We are dedicated to advancing carboxypeptidase analytics through continuous technological improvement. Our current R&D includes the development of microfluidic-based single-molecule activity assays for ultra-sensitive detection in precious clinical samples, and the application of machine learning algorithms to predict substrate specificity from primary sequence data. We actively participate in inter-laboratory proficiency testing for enzyme activity and protein analysis, and we contribute to the development of reference standards for carboxypeptidases. Our quality management system is ISO 9001 and ISO 17025 certified, and we follow GLP for all regulatory studies. We offer flexible engagement models—from single-sample analysis to multi-year collaborative projects—with dedicated project managers, volume discounts, and priority handling for time-sensitive samples. Our global logistics provide specialised shipping kits (with stabilising buffers and temperature control) to preserve enzyme activity during transit. Turnaround times range from 1 business day for rapid screening to 12 business days for comprehensive kinetic, proteomic, and inhibition profiling. We maintain open communication, providing preliminary results upon request and final reports with expert commentary. Our success is measured by the confidence our clients have in their data and their ability to advance research, diagnostics, and drug development. We invite you to partner with us to unlock the full potential of your carboxypeptidase research.
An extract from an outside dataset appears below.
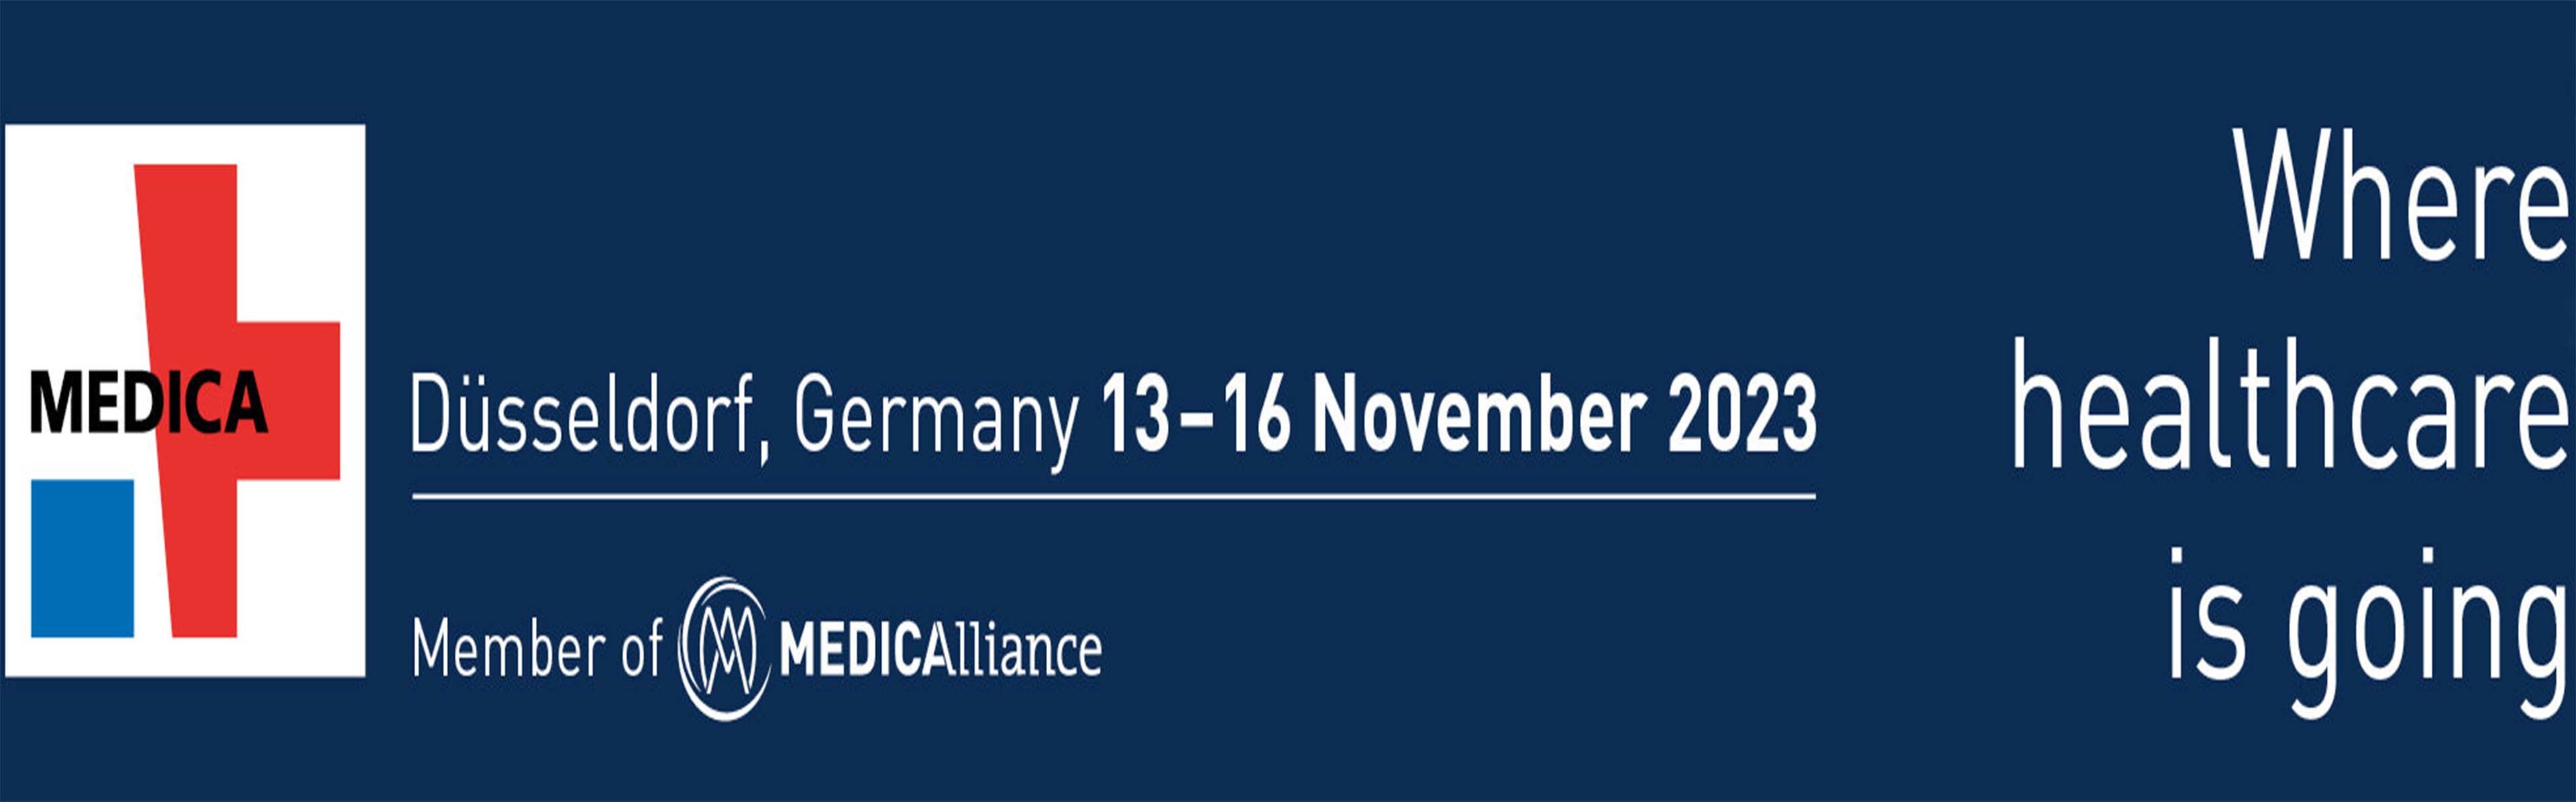 Germany medica11.13-16 (booth number not available)

In summary, our carboxypeptidase detection service delivers a comprehensive, precise, and application-oriented analytical solution that integrates activity quantification, substrate specificity profiling, inhibitor screening, protein quantitation, and stability evaluation. By combining advanced instrumentation with deep expertise in proteolytic enzymology, we empower our clients to understand peptide processing, develop novel therapeutics, and ensure the quality of biopharmaceutical products. We look forward to supporting your carboxypeptidase analysis needs with our state-of-the-art analytical platform.